There are two types of rotation methods in FA: orthogonal and oblique. Theoretically, an orthogonal rotation assumes that resulting factors are not correlated and works best for revealing independent dimensions of the underlying structure being studied. An oblique rotation, by contrast, is not restricted to keeping the extracted factors independent of each other and therefore works better at separating out factors when it can be expected theoretically that the resulting factors would in reality be correlated (Hair, Anderson, Tatham, & Black, 1998). In the case of ACA, large factors are interpreted as specialties within a research field, and the correlation between factors can therefore be expected to be fairly high. Indeed, high correlations between factors were found in different fields, with the highest correlation between two factors reported in a given study ranging from 0.39 to 0.65 (McCain, 1990a; White & Griffith, 1982; Zhao, 2006).

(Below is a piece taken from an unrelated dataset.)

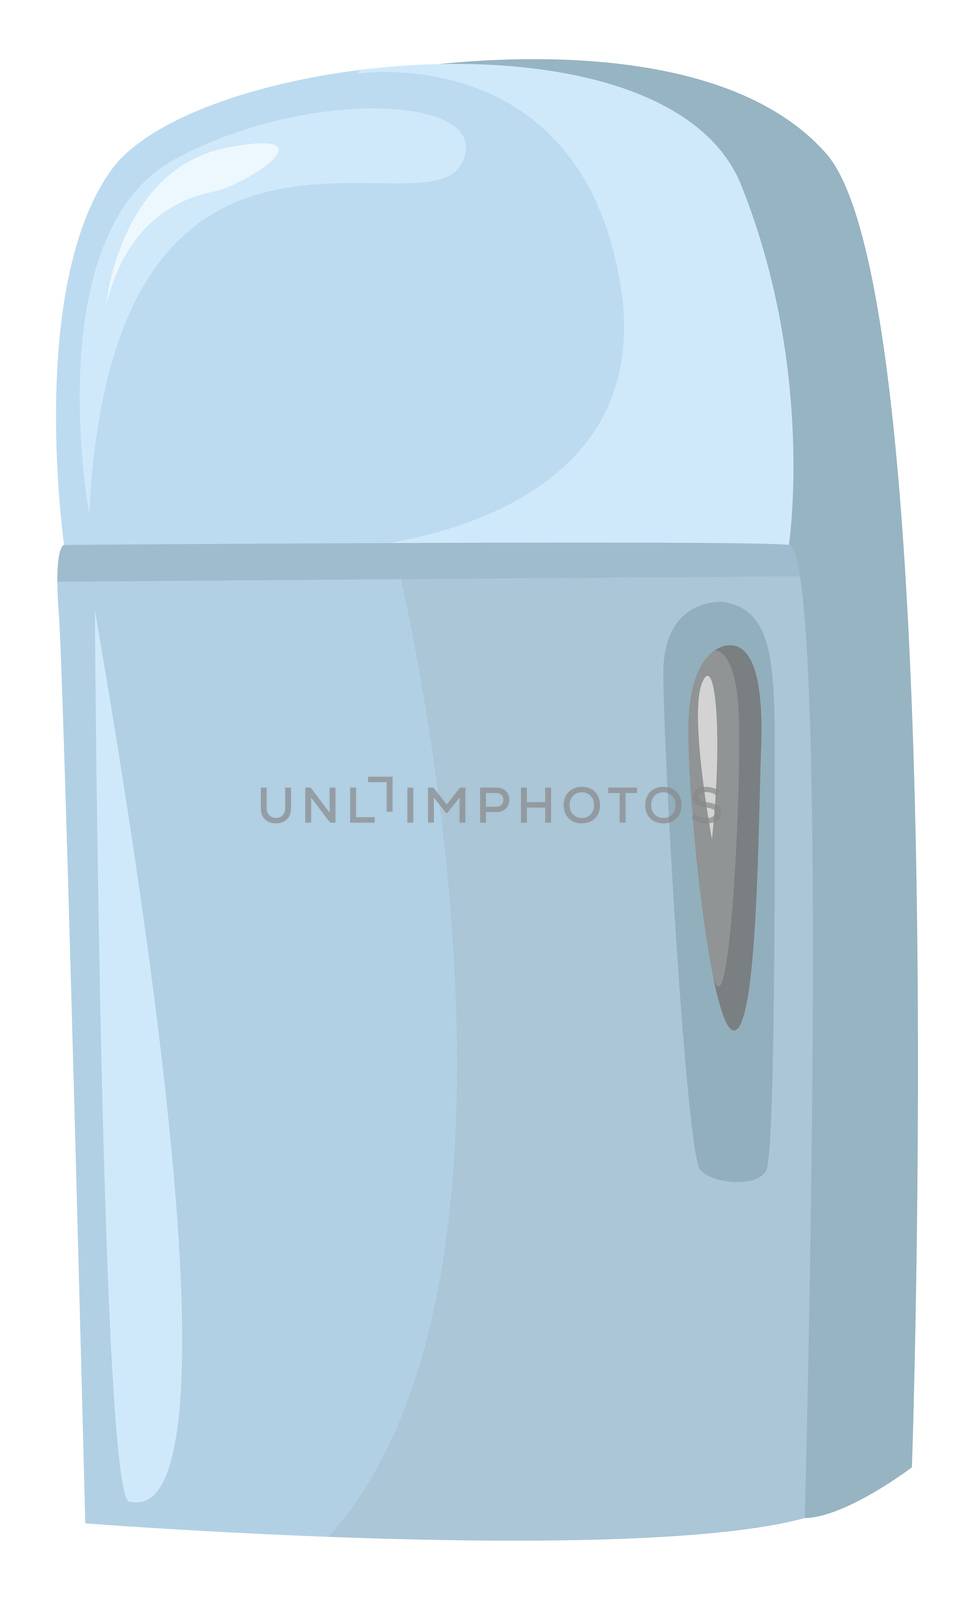 Blue fridge , illustration, vector on white background

An oblique rotation, therefore, appears theoretically more appropriate for ACA. As an additional advantage, an oblique rotation produces a component correlation matrix to indicate the degree of correlation between resulting factors (McCain, 1990a; White & Griffith, 1982).
In practice, however, both oblique and orthogonal rotation methods have been used in ACA studies, even by the same authors, and both types of studies have demonstrated how useful and informative the factor-analytic approach to ACA is. For example, McCain (1990a) and White and Griffith (1982) applied an oblique rotation method and discussed its advantage of providing measures on the interrelationships between factors. Later studies by these authors, such as W&M98, however, switched to an orthogonal rotation instead, without discussing why they made this choice. And yet the orthogonal rotation in that study still produced clear and revealing results as to the nature of the IS field (White & McCain, 1998).
We have become curious about whether different rotation methods would produce different specialty structures in ACA and whether such differences are sufficient to justify one over the other.
To summarize, the present study therefore addresses the following research questions.
- 1.What is the intellectual structure of the IS field, 1996–2005, the first decade of the Web? How has it changed from the decades before this time period?
- 2.What are the differences in factor analysis results in ACA between the use of an oblique rotation and an orthogonal rotation?
We hope to contribute to a more complete mapping of the IS field and to a better understanding of the factor analysis techniques when applied to ACA, and consequently to improved ACA studies.